The event’s many country pavilions are sure to display the latest, greatest, greenest innovations in urban development, some of which will no doubt be welcome. There will be an “urban best practices area,” which will showcase solutions from traffic reduction techniques to the use of “smart cards” to enhance urban communication. UN Habitat, the United Nations’ urban affairs agency and ostensibly an advocate for housing rights, is whole heartedly endorsing the proceedings. One UN official actually described the recent Beijing Olympics, which displaced 1.5 million people, as “giving people great happiness.” The Expo’s promoters have been calling it the next Olympics, which will demonstrate Shanghai’s arrival as a top tier global city.

The Expo’s authoritarian setting alone raises a host of unsettling issues given the apparent theme of more humane living.
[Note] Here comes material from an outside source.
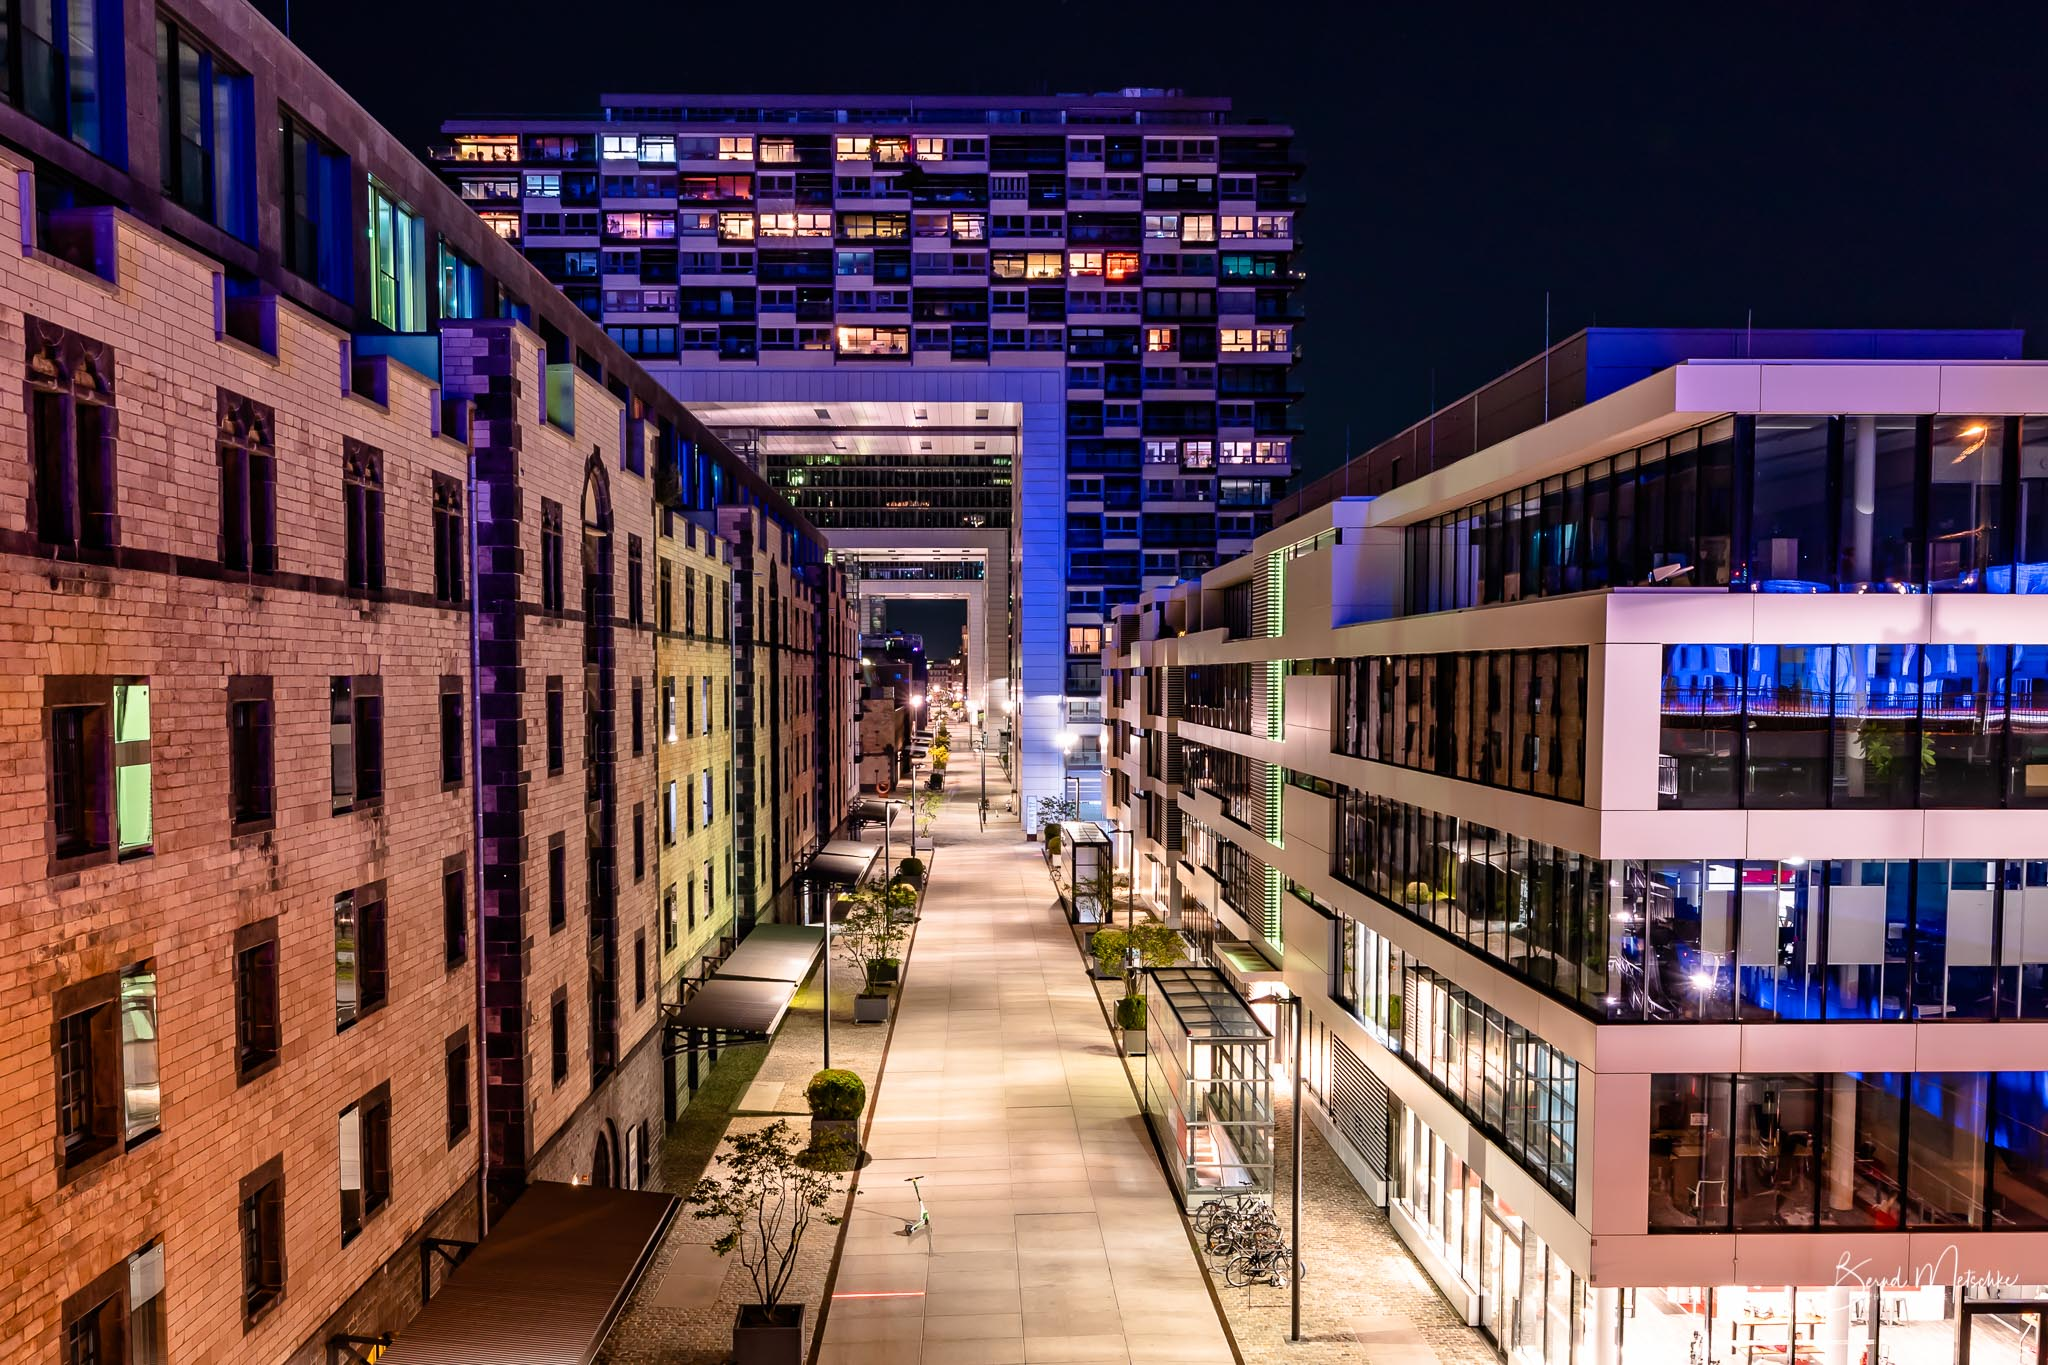 Die Kranhäuser im Kölner Rheinauhafen sind drei moderne Gebäude am Abend.
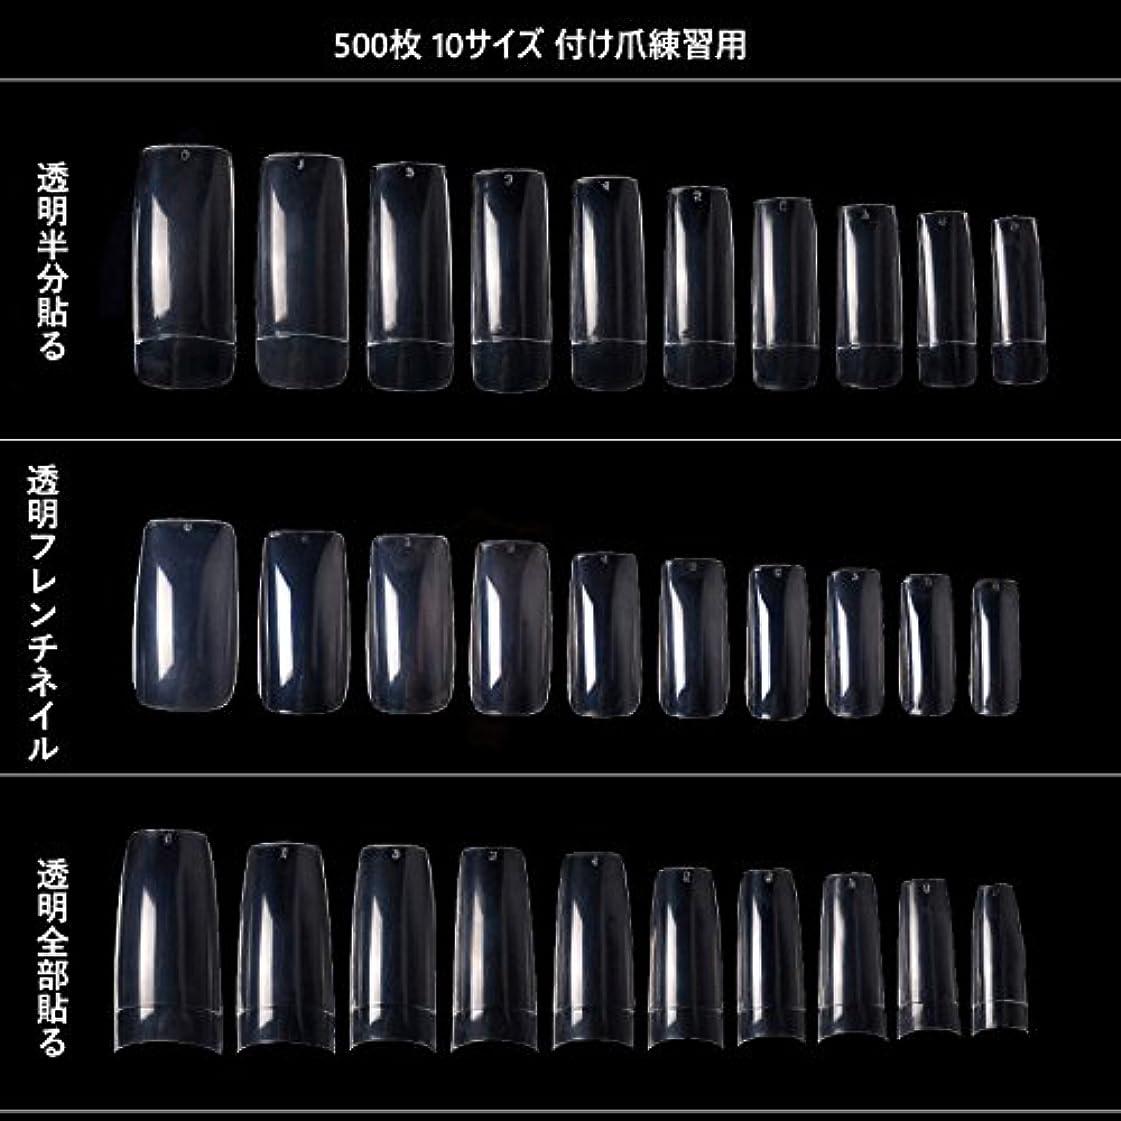 500枚 10サイズ 付け爪練習用 つけ爪 無地 ロング オーバル ネイルチップ クリア ネイルチップ ロング 付け爪 練習用 透明 (透明半分貼る)

You’d think the cruelty with which the Chinese authorities demolished Beijing neighborhoods, and then crushed the resultant dissent, might have led major international organizations like UN Habitat or the Bureau of International Exhibitions to be vocal about avoiding a repeat in connection with the Expo. I haven’t heard either say a thing about the 18,000 Shanghainese who were reportedly evicted from the eventual Expo site. Aren’t housing rights part of making cities better?

The Chinese authorities are also gushing about the level of high-tech security that they will have in place during the event, which lasts from May to October. Where does the securitization of cities fit with the “smart” innovations that the event promises to demonstrate? What about China’s system of household registration, which relegates rural migrants to second class citizenship (and whose exploited labor built many of the structures that will dazzle foreign visitors next year)? It seems cruel for the world to celebrate its increasing connectivity in a place where millions of people don’t even have the right to move freely within their own country.

No, I’m not against holding mega-events in China per se. I’m just worried that frank discussion on these issues will get whitewashed because they offend the host. Will the Expo rise to the occasion, or will it be an authoritarian Epcot that substitutes gimmicky “smart solutions” for social progress? In this bizarre milieu, it will be worth paying attention to what the participant countries and the UN put forth as the future of sustainable urbanism.